On of mine sleeps with her head straight out and her legs spread out. The first time I saw her sleeping, I thought she was dead. My heart skipped a beat and when I grabbed her, I rudely woke her up I got the stink eye from her. Even though I know that is how she sleeps, it still freaks me out for a moment whenever I catch her sleeping.


----------



## heyprettyrave (Aug 26, 2010)

ha i get that from Ophelia when i turn on her light in the morning. when i bought her and starting getting interested in torts i never thought I would get soo much personality out of it


----------



## samstar (Aug 26, 2010)

two of my torts sleep with all their limbs in accept one, all limbs spread out


----------



## TortieGal (Aug 26, 2010)

I love it when they are basking in the sun or the light and they plop down with back legs straight out.
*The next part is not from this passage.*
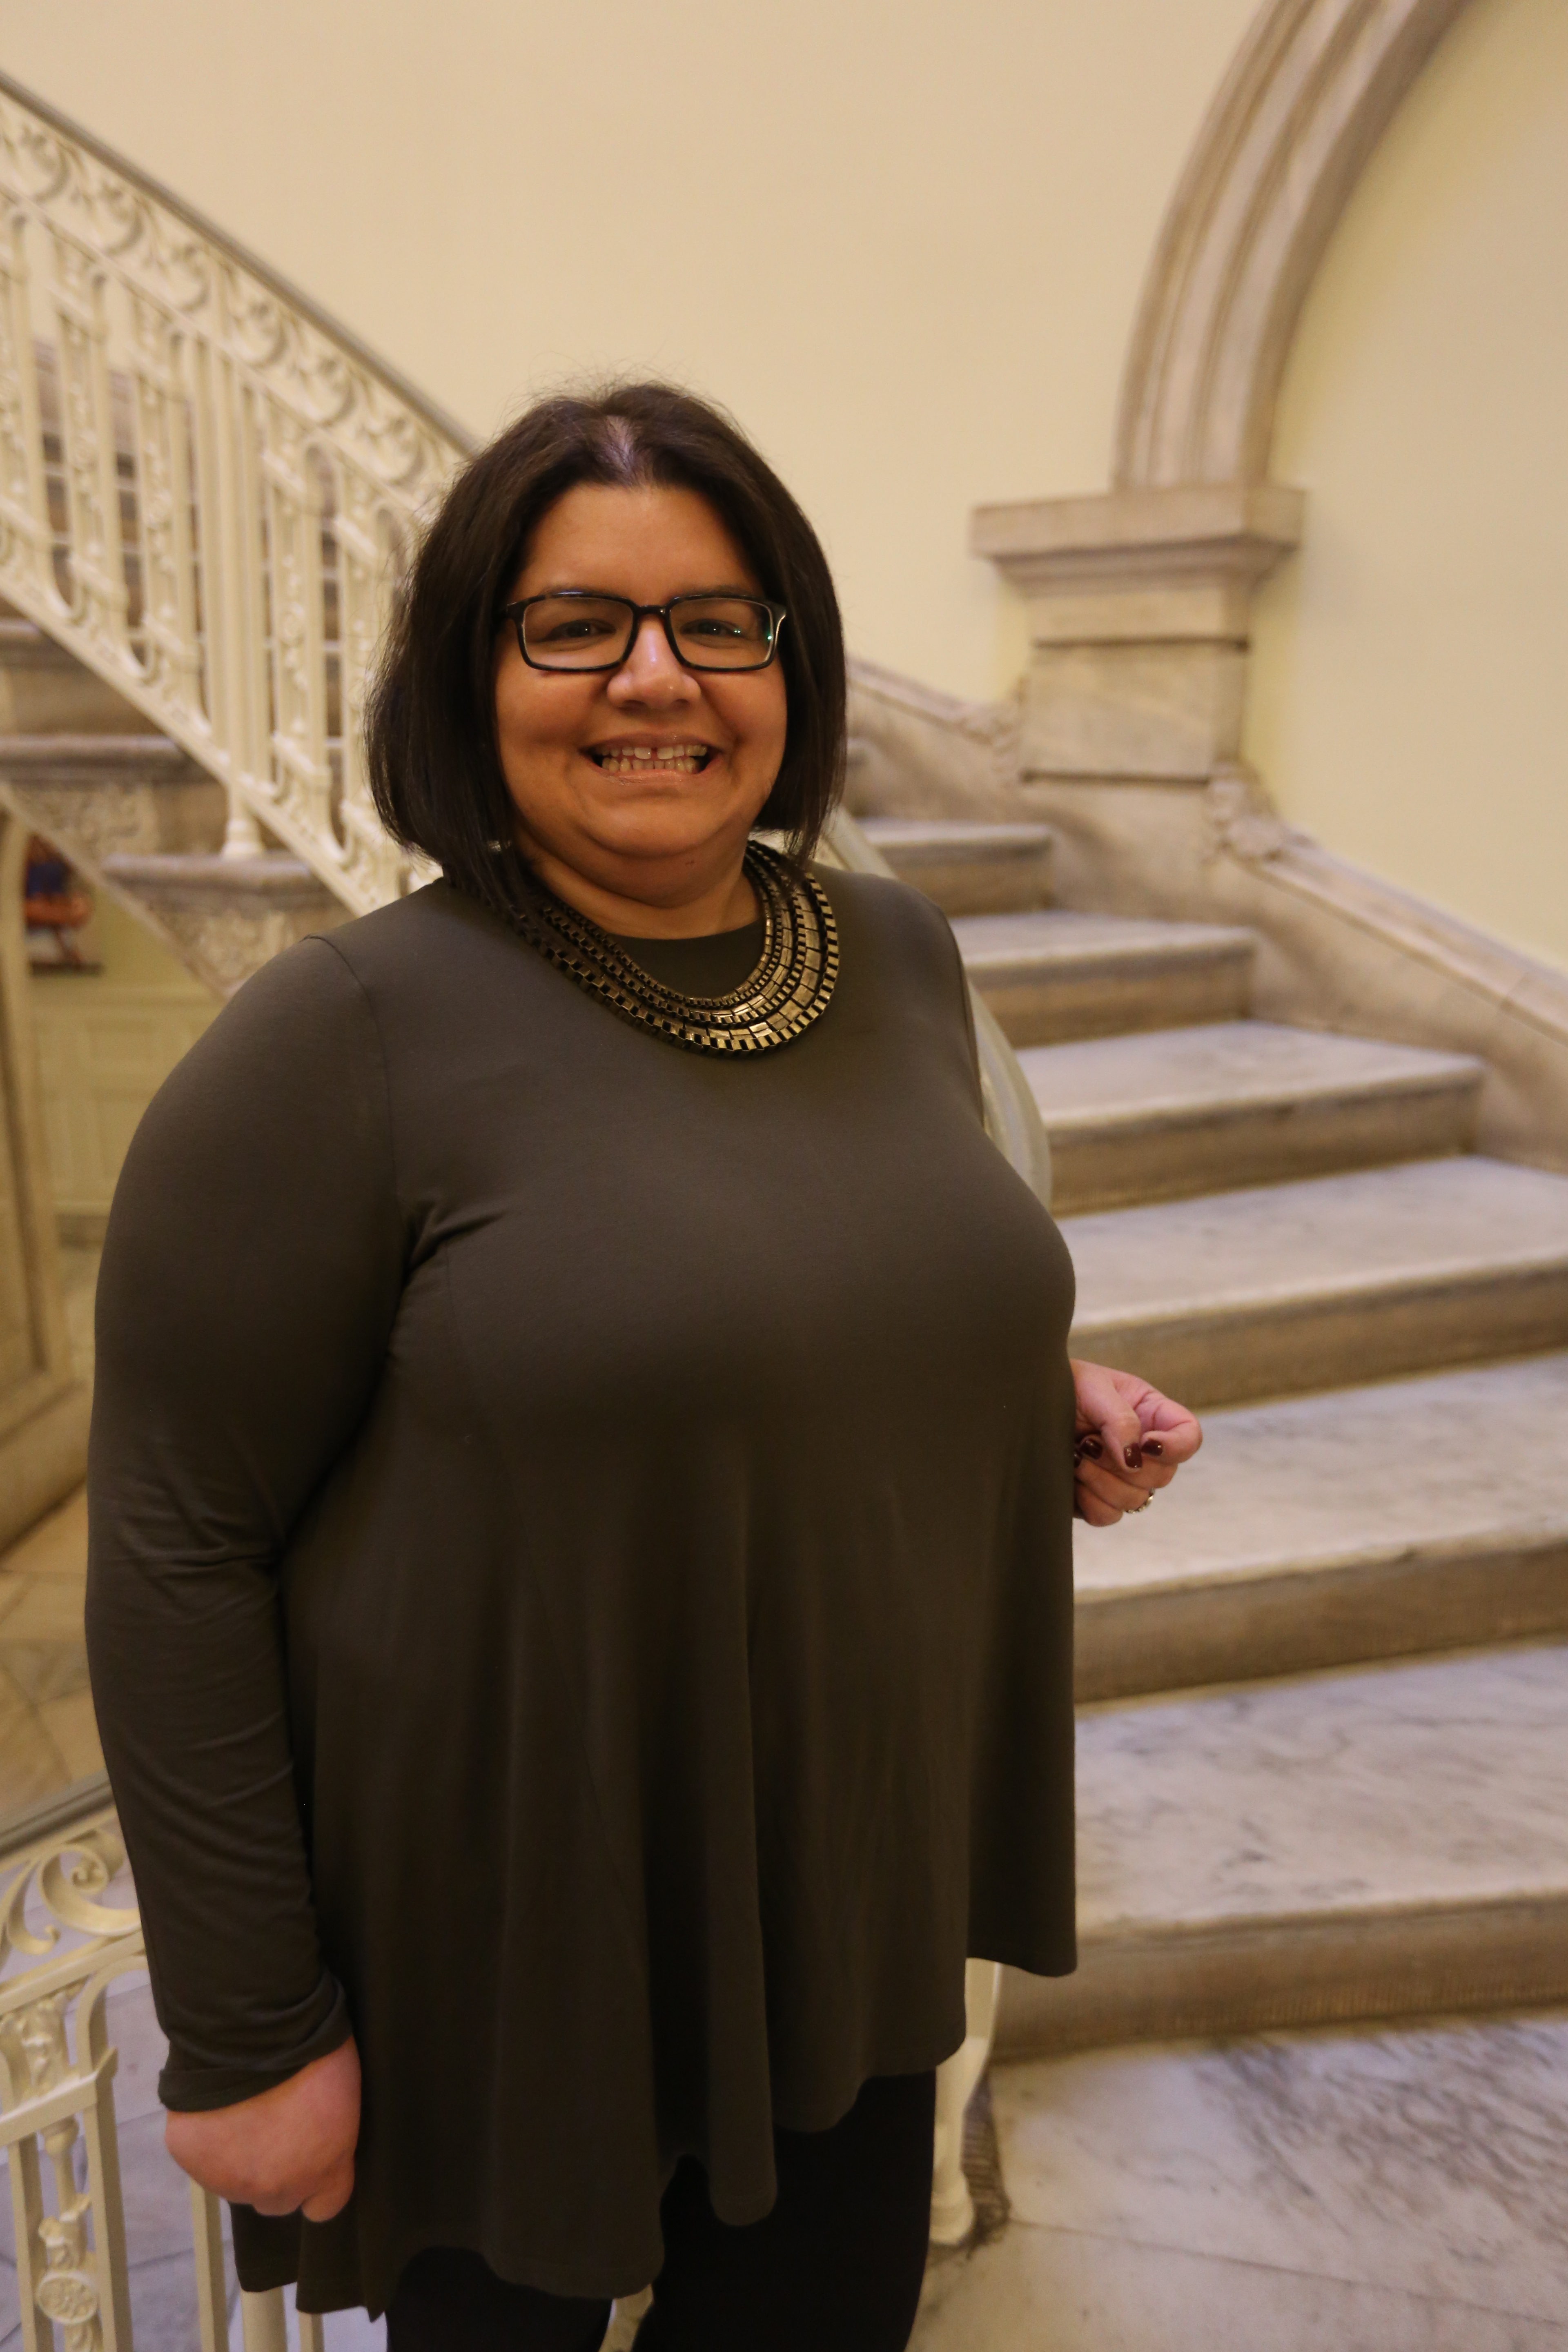 Prisca Salazar Rodriguez, Directora de Agenda de la Oficina del Alcalde. Mujeres en City Hall.

They are so full of personality, so funny.


----------



## Paige Lewis (Aug 26, 2010)

Yes basking is definitely so cute, my tort tends to stretch his neck out to the side and rest it on the substrate and has the 2 front legs and one of the back legs stretched out, can't believe i still haven't got a picture of it!


----------



## TortieGal (Aug 26, 2010)

Yes! we should post some pictures of them sleeping or basking. I will have to try and get a good shot.


----------



## Homerist (Aug 28, 2010)

my star sleeps with his fore arms folded to the sides and hind legs spreaded out and his chin resting on a small pebble inside his hind.
super cute.


----------



## APBT_Fanatic (Aug 28, 2010)

Sherman, Echo, and Euclid all sleep sprawled out like that. They sometimes use eachother as a pillow too, as seen in the picture below!


----------



## TortieGal (Aug 28, 2010)

So cute! I love it. They look pretty comfortable with each other to sleep like that. I don't think anybodys being bullied in your group.


----------



## tortoisenerd (Aug 28, 2010)

Our little one does that too! Its adorable.


----------